Analyses of XPS spectra have been carried out to study the effect of the plasma treatment on the surface modification of nitrogen-containing groups. The morphological changes of the particles surface by plasma treatment have also been analyzed by using HR-TEM shown in Fig. 2. Present results show that the highest values of N/C atomic ratio of 4.4 % is obtained by applying 10 min of Ar plasma pre-treatment and 2 min of NH3 plasma post treatment conducted in RF power of 80 W and gas pressure of 50 Pa.


Fig. 2. STEM image (a) and EDS elemental mapping images (b, c, d, and e) of C, Fe, O and N elements, respectively, of treated sample with condition: 10 min of Ar plasma pretreatment followed by 2 min of NH3 plasma post-treatment performed at 80W of RF power and 50 Pa of gas pressure.

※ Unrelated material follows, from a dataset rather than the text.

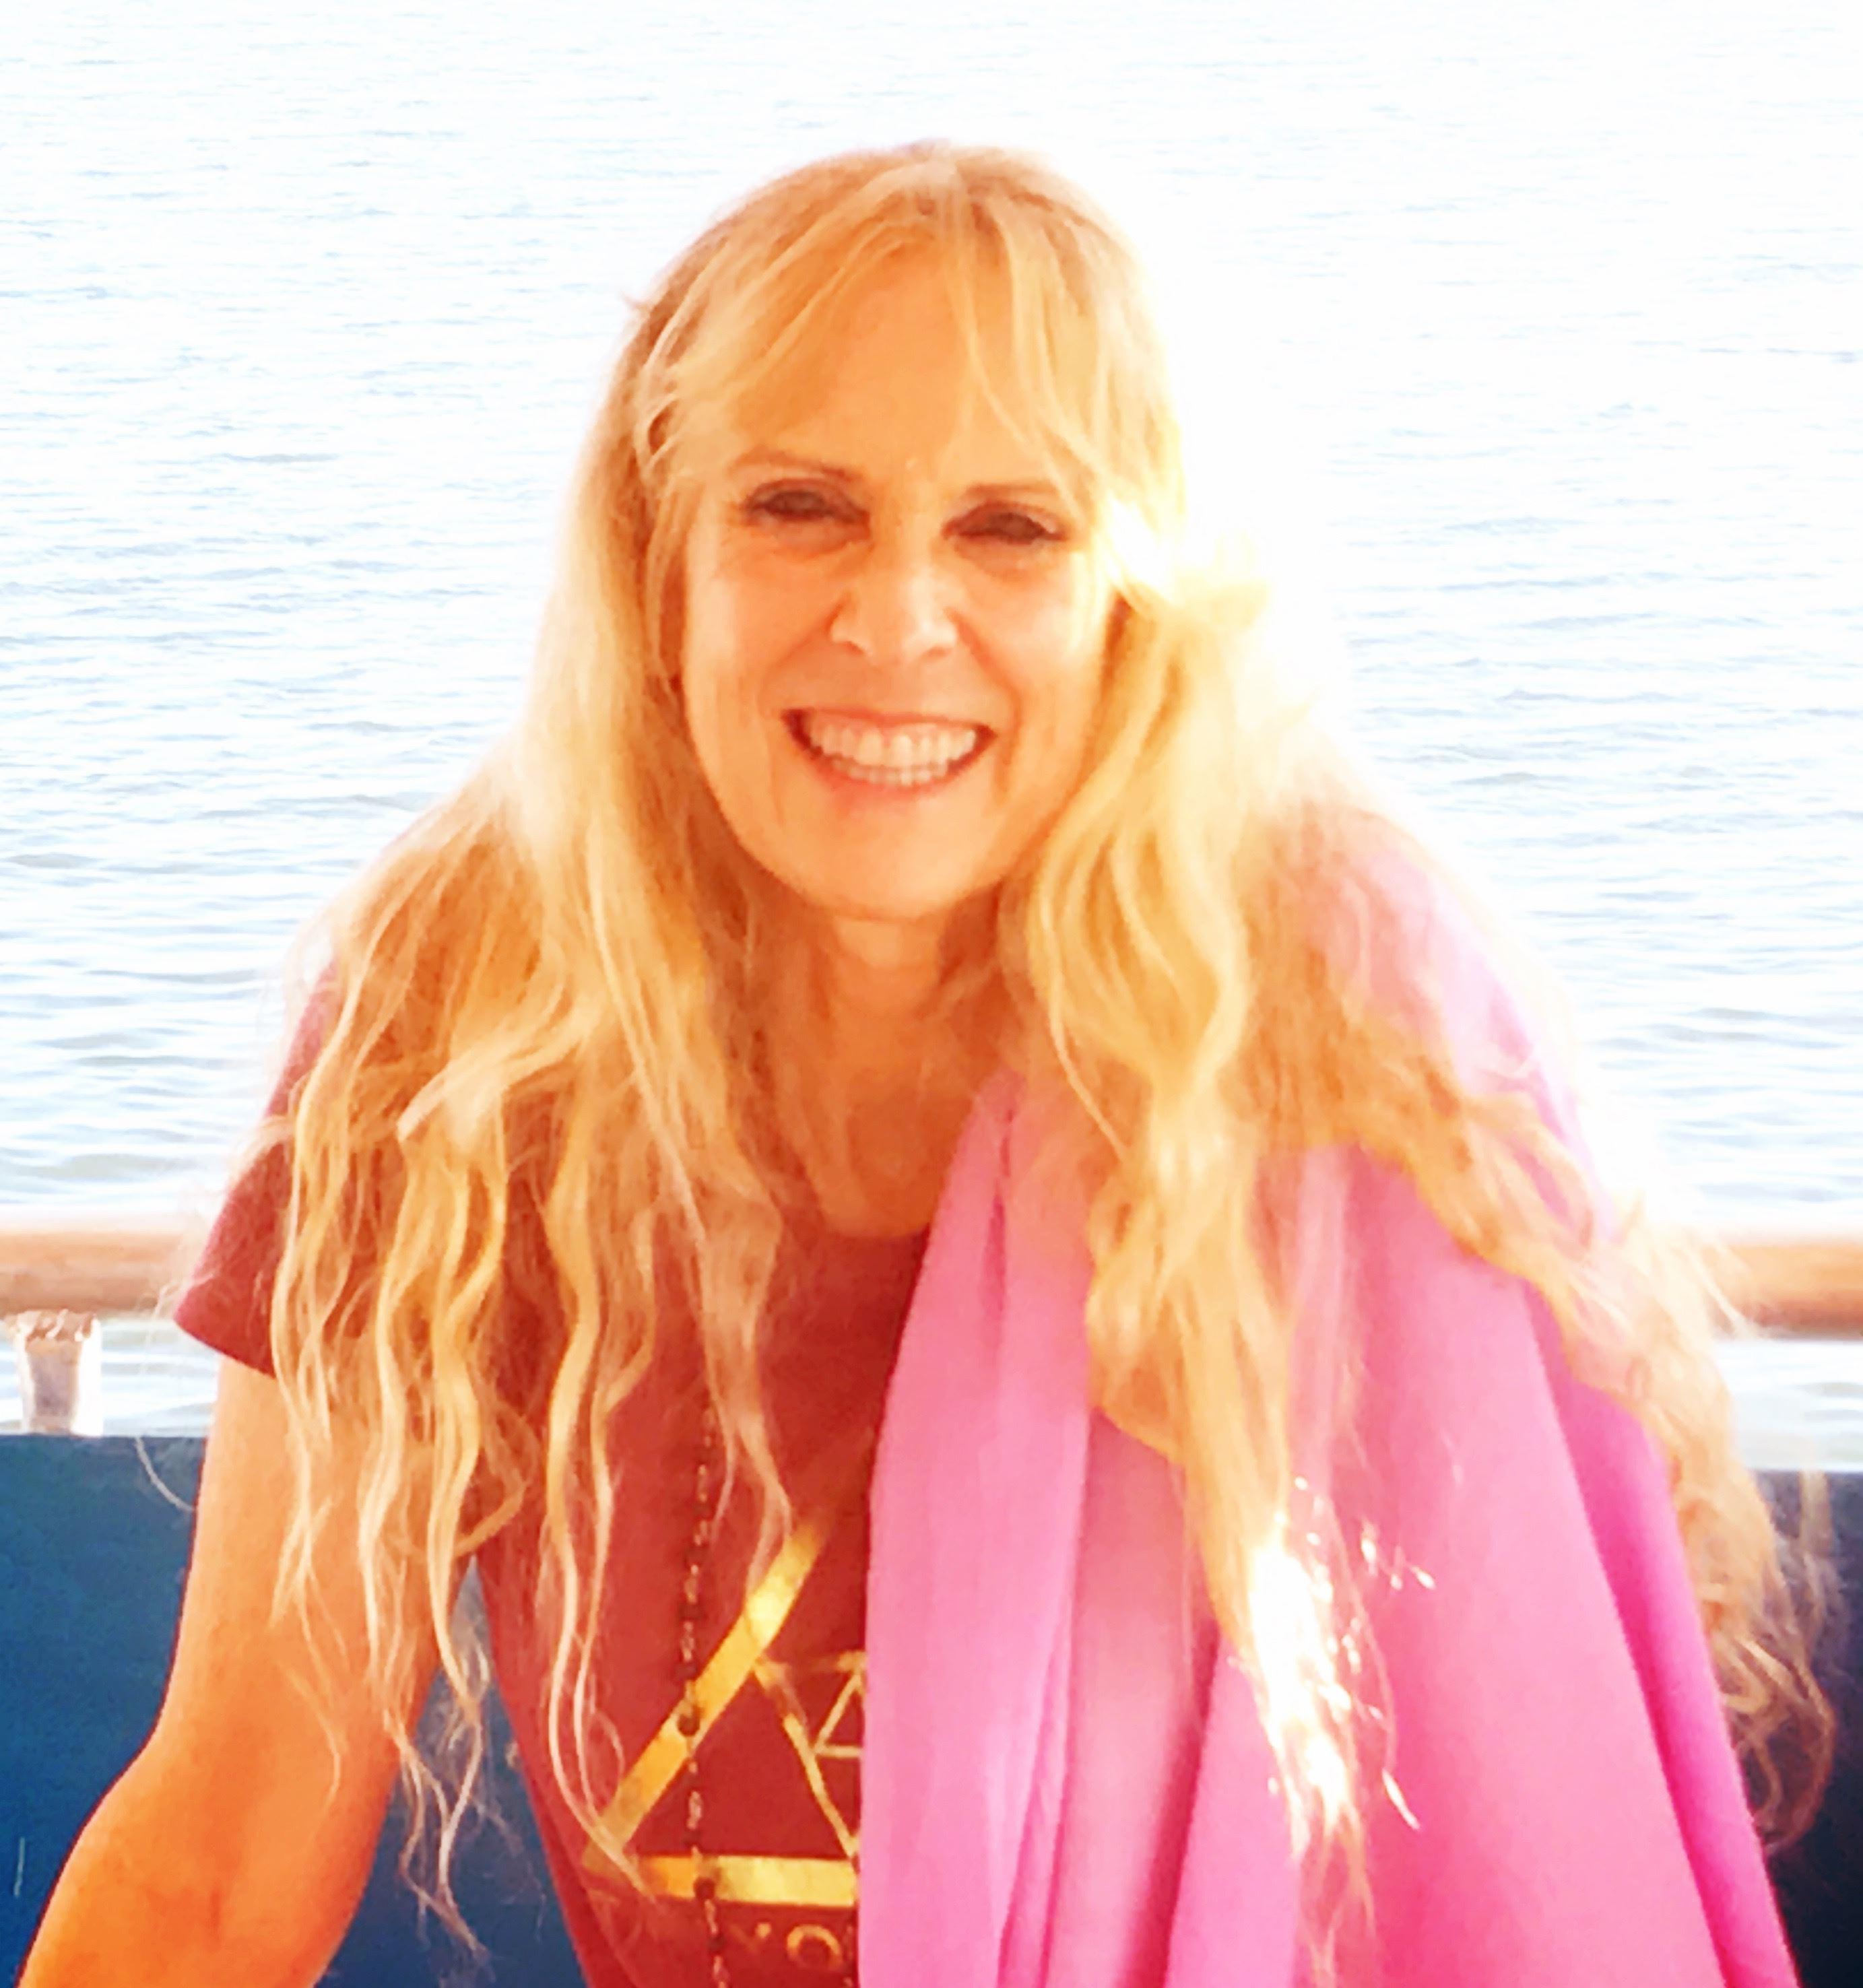 Yogini Kaliji on boat
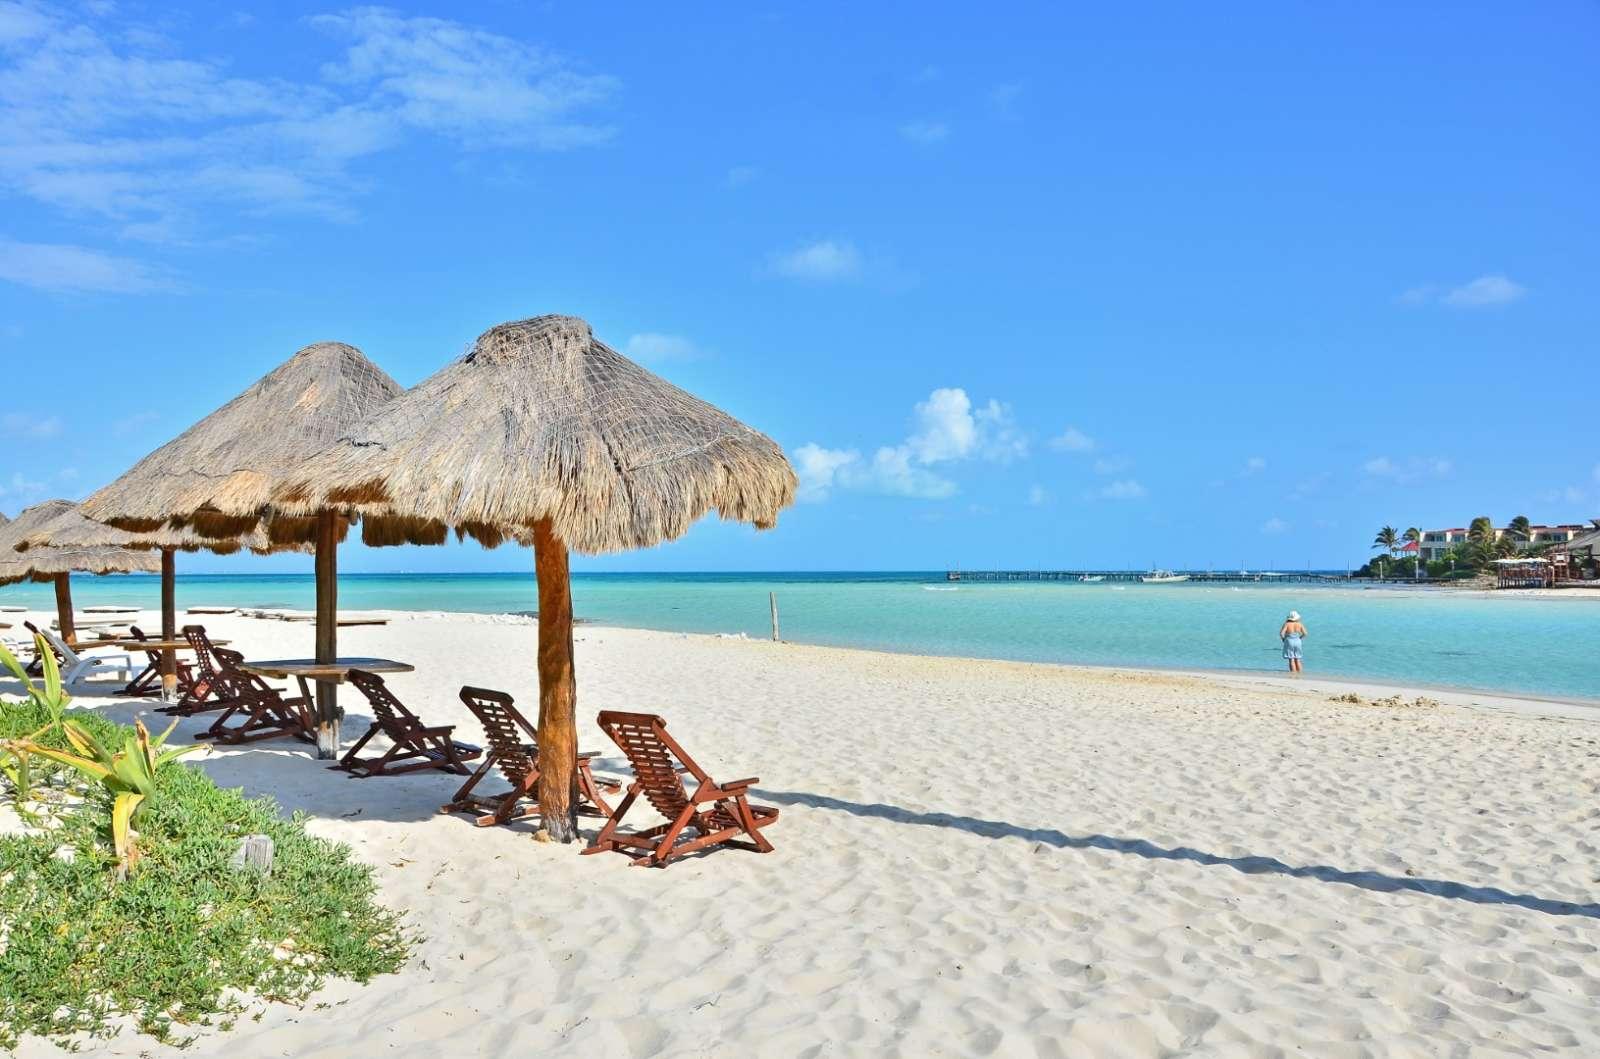 Beach palapas on Isla Mujeres Mexico

Following the successful of the surface modification presented above, now we are leading to biomolecules immobilization for testing the treated nanoparticles capabilitis to be applied as biomaterial in medical application. The created amino functional group attached onto the nanoaprticle surface is expected to be an anchor for covalent immobilization of biomolecule, clearly illustrated in Fig. 3. For comprehenshive discussion, chemical derivatization, XRD, XPS, HR-TEM and EDS elemental mapping are used to characterize and analyze the results.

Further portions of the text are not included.